EXERCISE AIM -> In the data below, find the line with "2019 Ferrari P80/C" and output it along with every later line, exactly, but not the pictures.

DATA SECTION ->
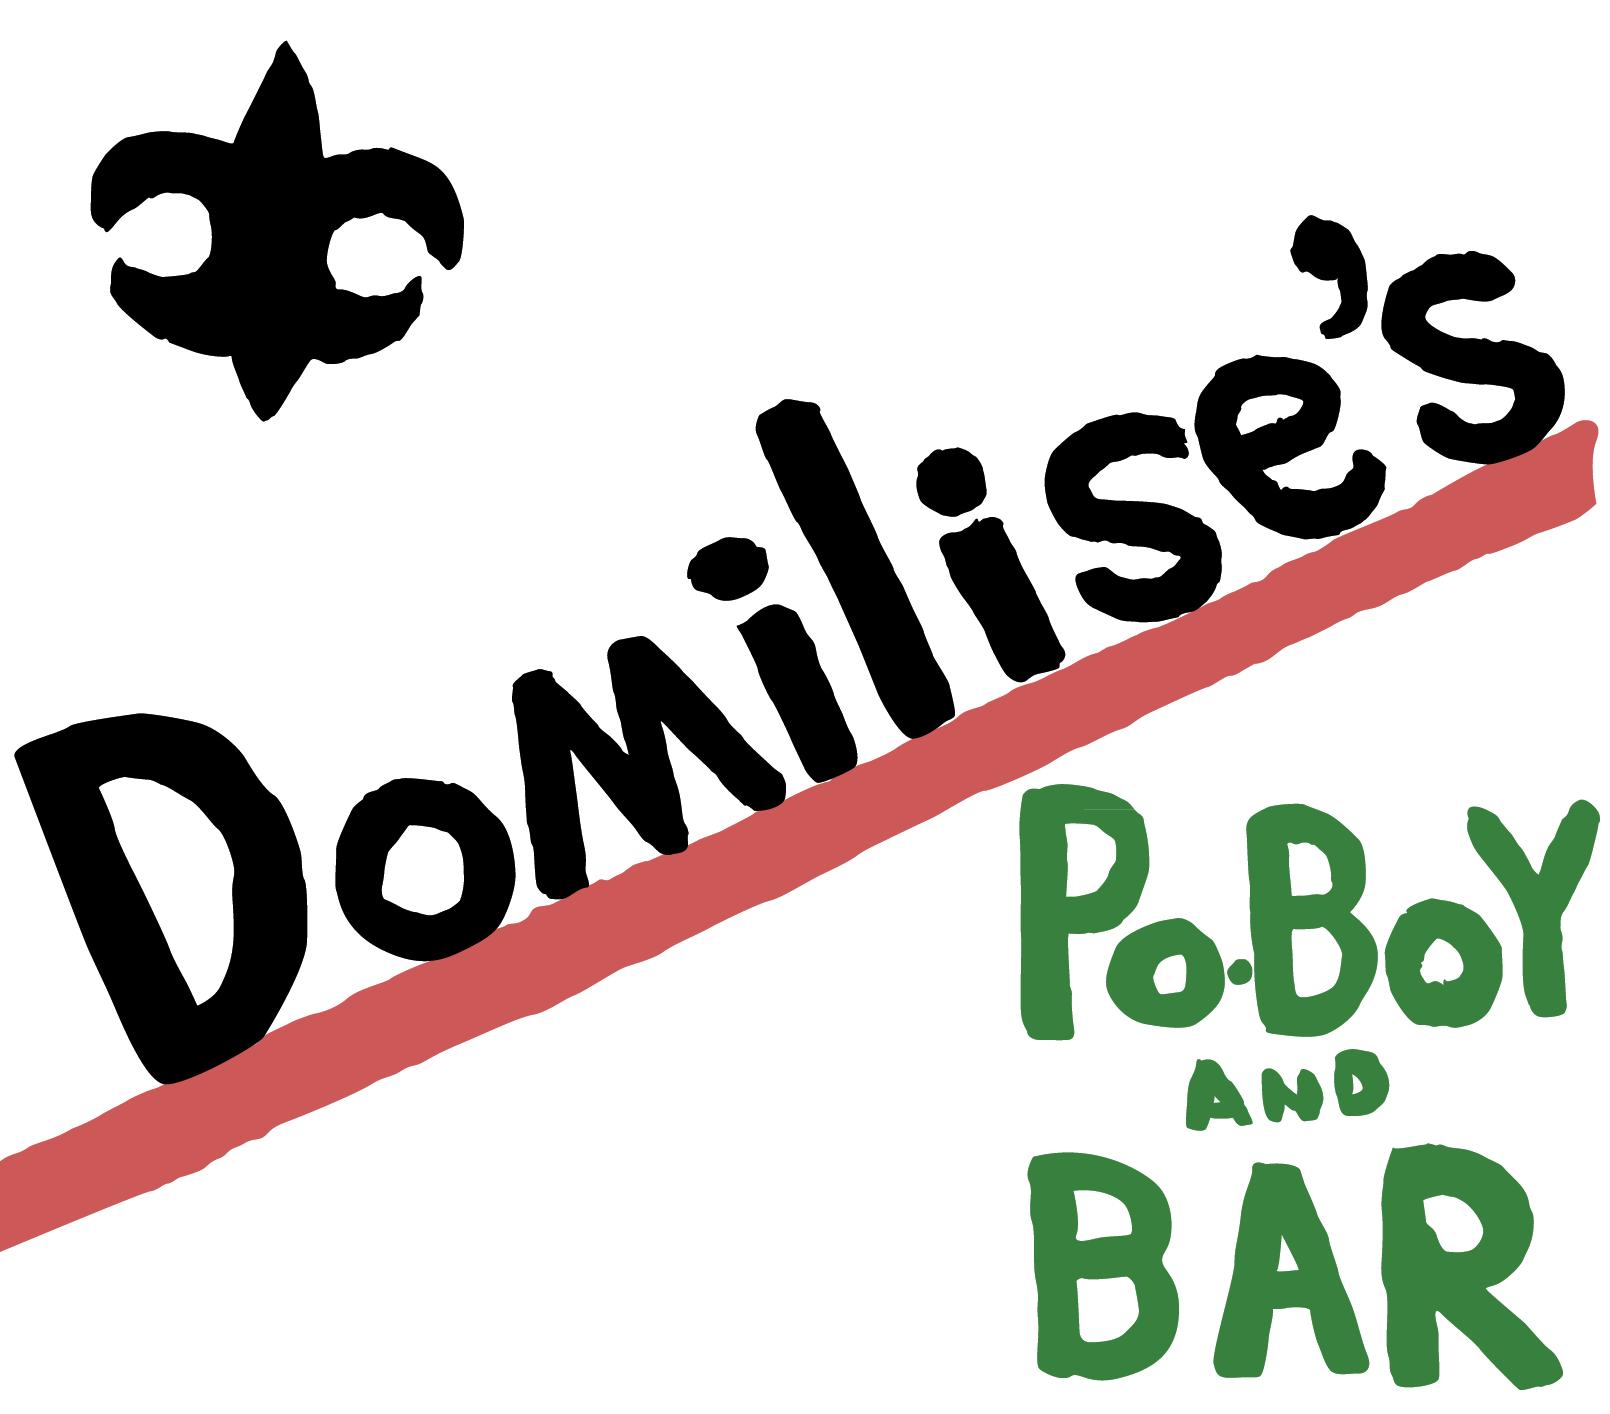 Domilise\'s Po-Boy & Bar | Serving Classic New Orleans Po-Boys for ...
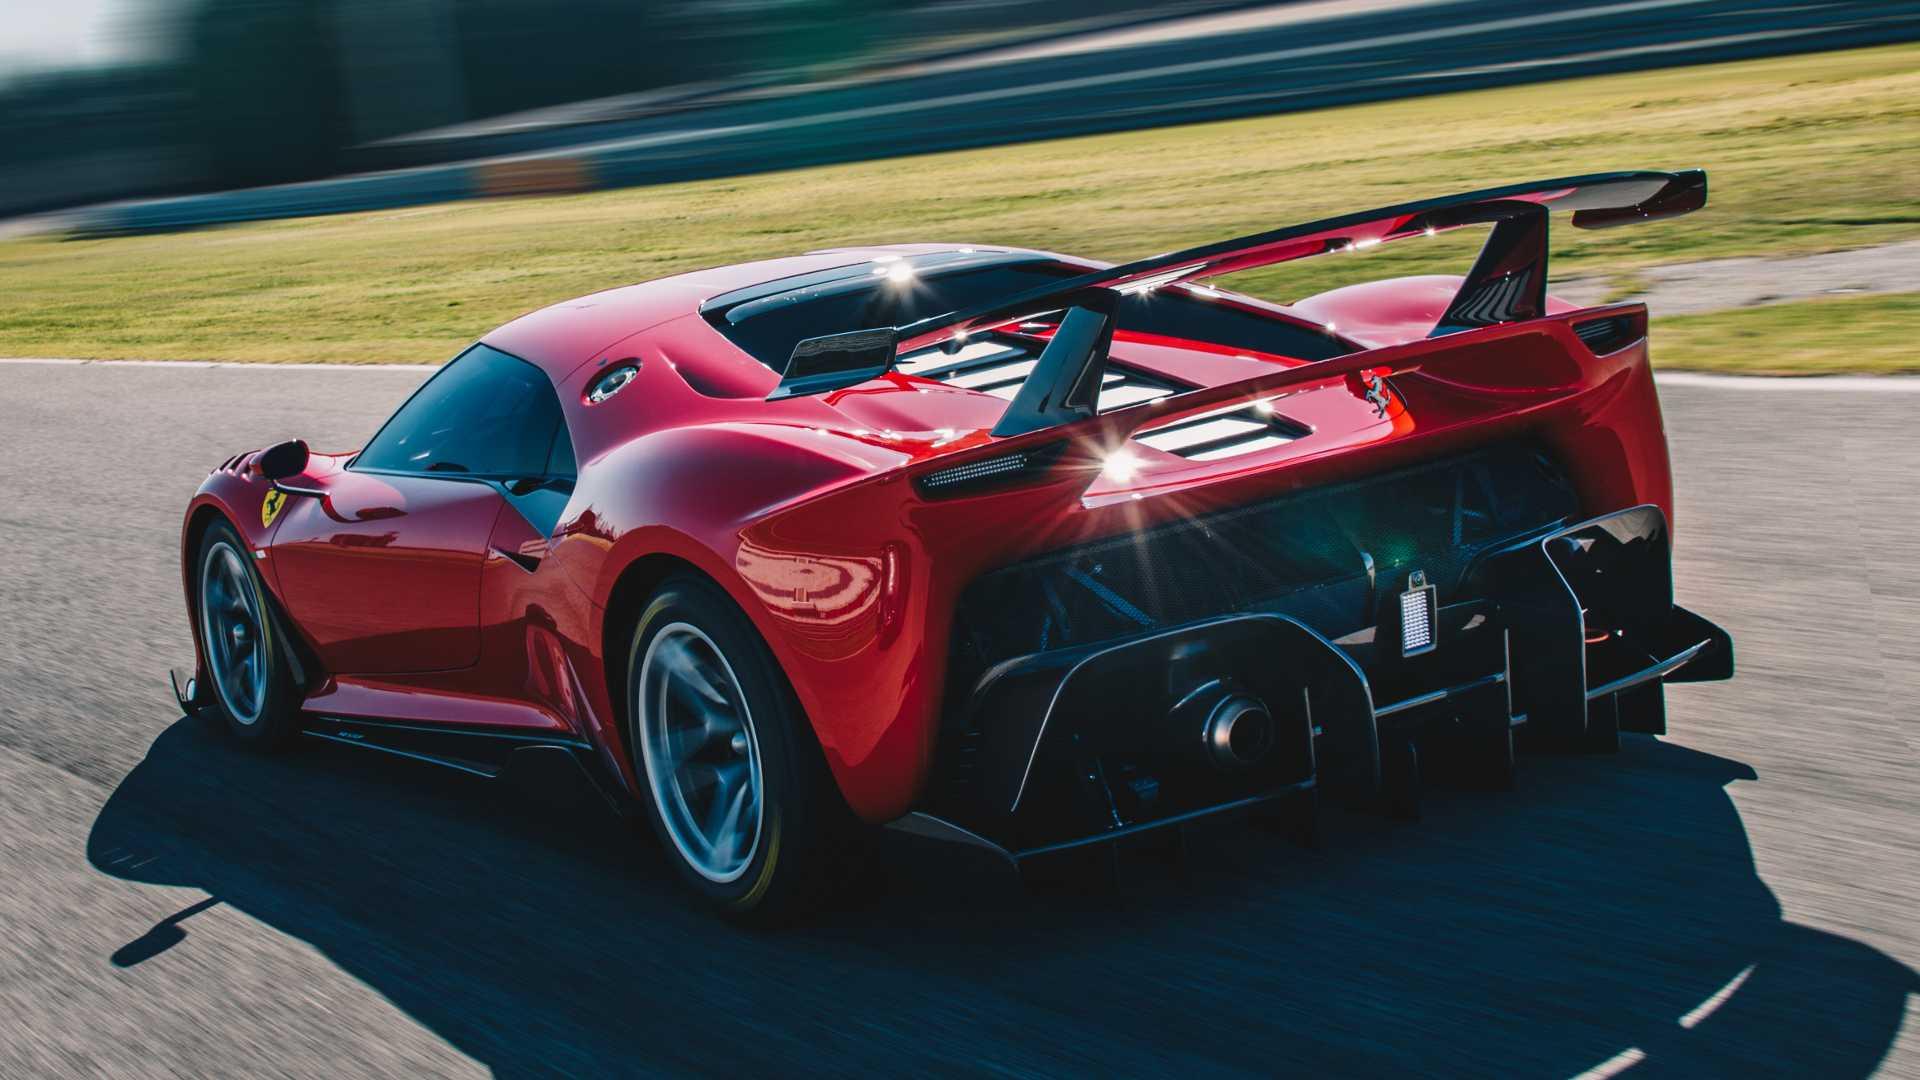 2019 Ferrari P80/C Rear Three-Quarter Wallpapers (4)
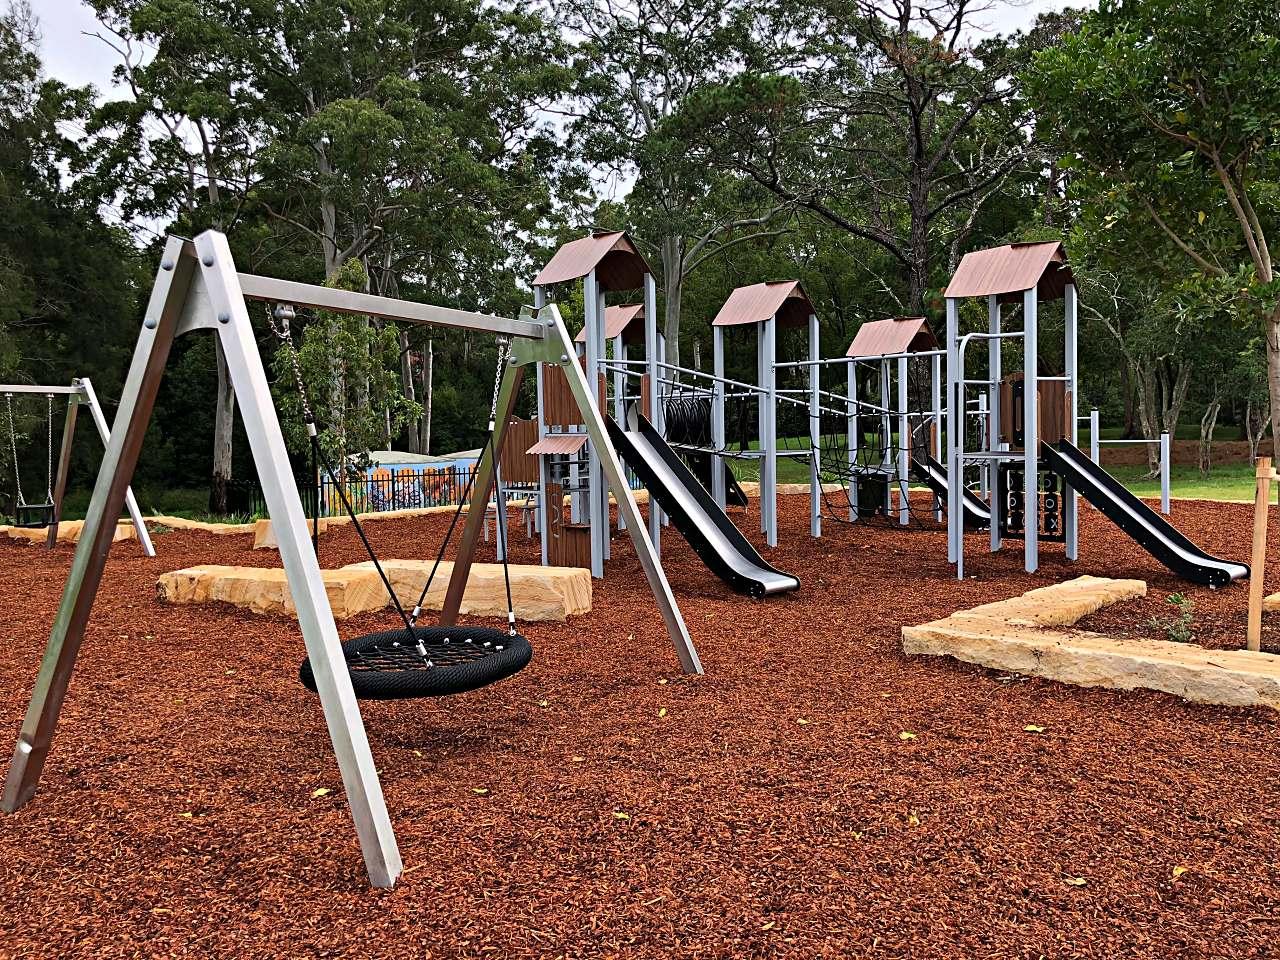 Alan Davidson Oval playground group swing

EXERCISE SOLUTION ->
 2019 Ferrari P80/C Rear Three-Quarter Wallpapers (4)
 Alan Davidson Oval playground group swing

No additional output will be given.